Museums Thinking Phygital. Between Museology and User Experience 

University of Malta

Museums have embraced the digital in varied ways slowly acknowledging its relevance and significance over time. The Covid-19 pandemic has underpinned the strategic use of digital tools by museums much more than before as they became unexpectedly obliged to function from behind physically closed doors. Indeed, it is fair to state that museums have come to recognize the relevance and significance of the digital to a far greater degree than they did prior to the pandemic, and museums have also acknowledged an opportunity to experiment and engage with audiences through the strategic use of digital tools. With the return of physical museum audiences (albeit in fits and starts), museums might consider this to mean that digital tools are now less relevant, rather than identifying opportunities to strike a measure of equilibrium between the digital and physical going forward. Acknowledging what has been achieved so far is certainly one point of departure, although it provides only a limited view of the broad range of possibilities that museums might have to choose from in the future.
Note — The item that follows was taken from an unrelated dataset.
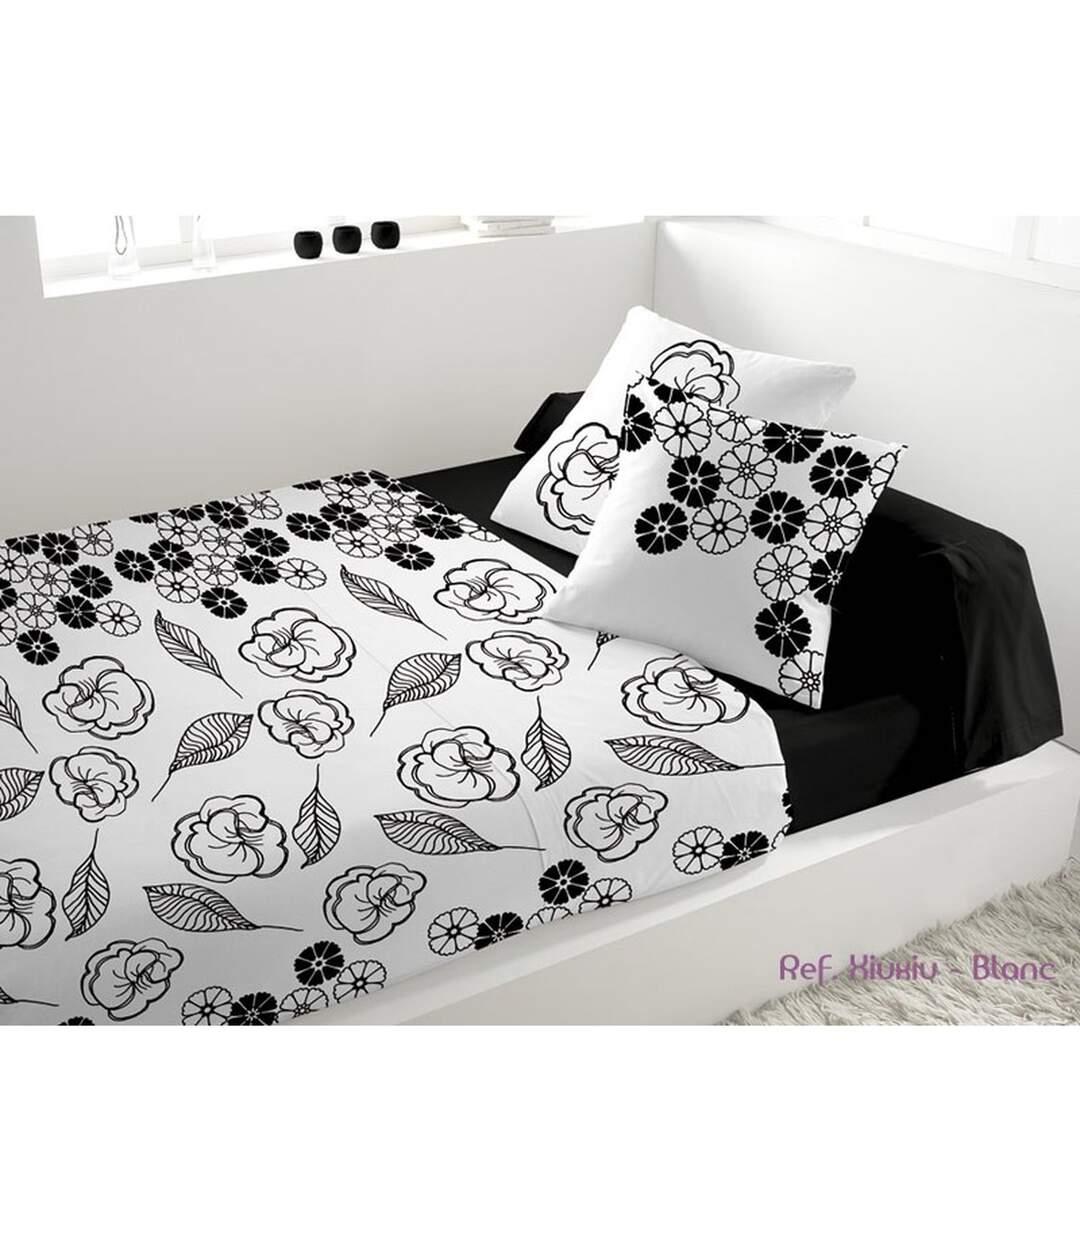 Parure de lit 5 pièces Xiuxiu Blanc - 240 x 300 - Percale

This keynote speech shall explore the possible spectrum of museum experiences within the remit of the ‘phygital’, and how the physical and the digital can potentially interact to define a museum experience. I shall speak about the possible ‘phygital’ scenarios, ranging from what we will term ‘sustained physical’ to ‘autonomous digital’ as identified through a futures literacy methodology also anticipating possible scenarios for the phygital in terms of museums goals, objectives and available resources.